Politzek.me — is an advocacy platform designed to assist political prisoners in Belarus, featuring an up-to-date database of political prisoners in the country. It was established in November 2020 following the protests triggered by public rejection of the presidential election results by the campaign team of presidential candidate Viktar Babaryka with informational support from the Human Rights Center Viasna. The organization is led by its co-founder Inna Kavalionak.

== Organization Description ==
The platform was created to make the issue of political prisoners more accessible and to destigmatize them through innovative approaches. The project started as a website containing a database of Belarusian political prisoners and their stories. Visitors to the site can find current information about political prisoners, write letters to them, send postcards, make donations, or send parcels to detention centers. Users can also anonymously indicate that they are assisting a particular political prisoner by adding them as a friend on the site. Friendship involves performing specific supportive actions for the chosen political prisoner without direct contact. The number of friends each political prisoner has is displayed on Politzek.Me.

Politzek.Me believes that letters can be a source of encouragement and support for political prisoners, and donations to their families can alleviate financial difficulties faced after their relatives' detention, providing necessary resources to support the imprisoned.

The overall idea of the site is to enable people to act and support those fighting for democracy and human rights in Belarus, as well as to raise international awareness of the situation.

In February 2023, the Politzek.me team launched their online magazine "Politzek Times". The magazine covers the experiences of Belarusian political prisoners both during their imprisonment and after their release.
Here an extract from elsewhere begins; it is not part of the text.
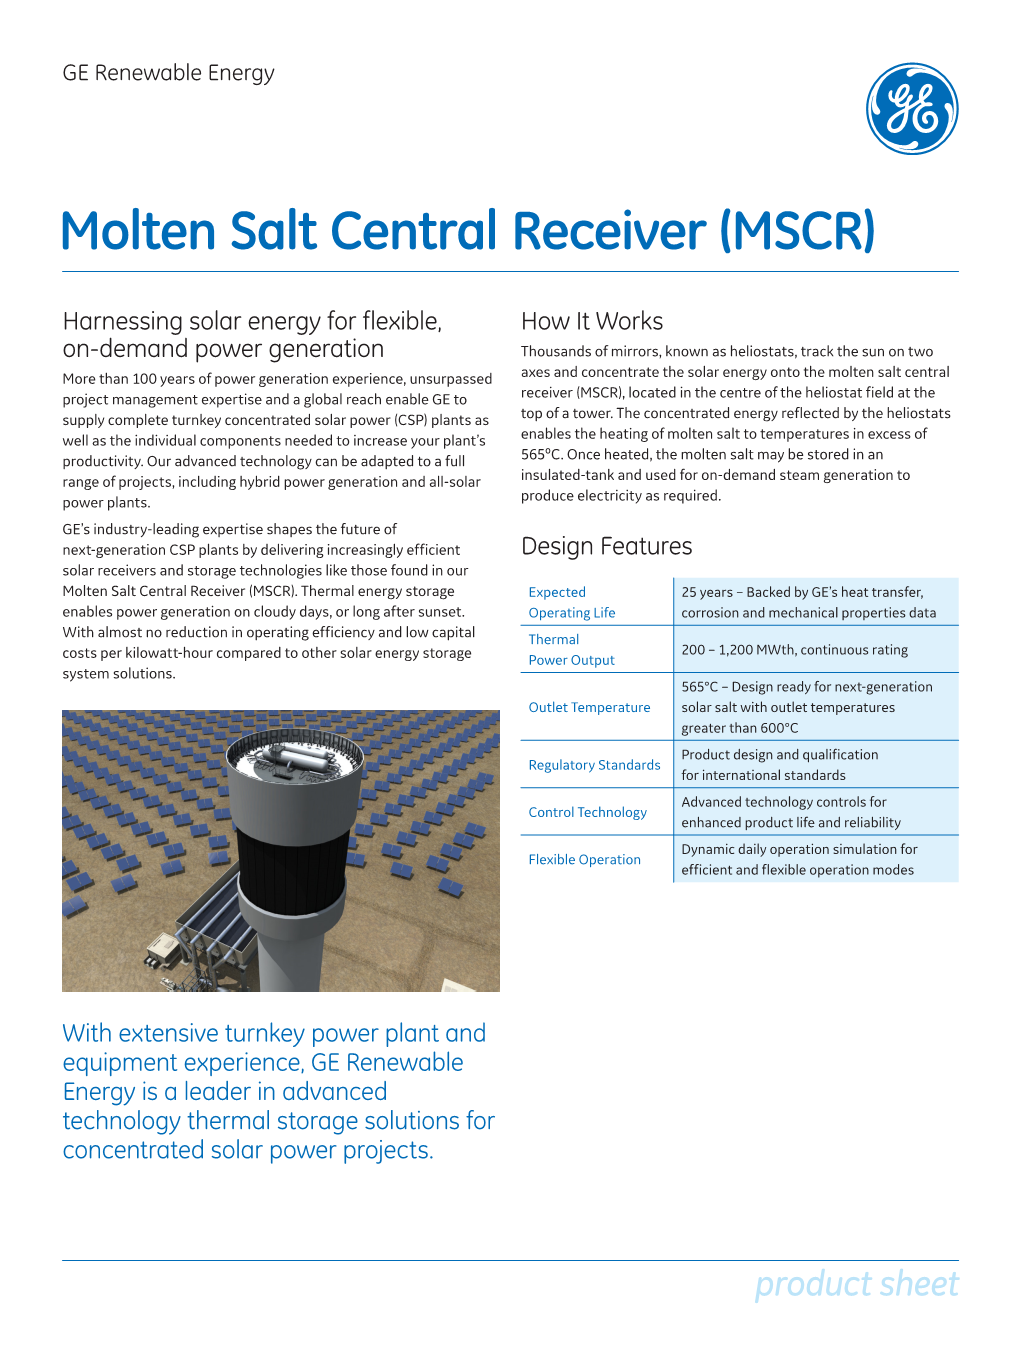 Molten Salt Central Receiver (MSCR)

In November 2023, the project's web pages were recognized as "extremist materials" in Belarus, and in April 2024, the Ministry of Internal Affairs of the Republic of Belarus declared Politzek.Me an extremist group.

Politzek.Me continually updates its list of political prisoners as their number changes daily. As of November 2021, Politzek.Me identified 1074 political prisoners in Belarus; in December 2021 – 1104 prisoners; in May 2022 – 1457 prisoners. The number of political prisoners increased rapidly throughout 2021 and 2022, reaching 1651 by October 2022.

As of July 2024, Politzek.Me identifies 1,570 political prisoners in Belarus.

== Politzek.me Partners ==
- Human Rights Center Viasna
- Pismo.bel
- Dissident.by

== Links ==
- politzek.me. "Истории из мира политзаключенных, без которых мы уже не мы"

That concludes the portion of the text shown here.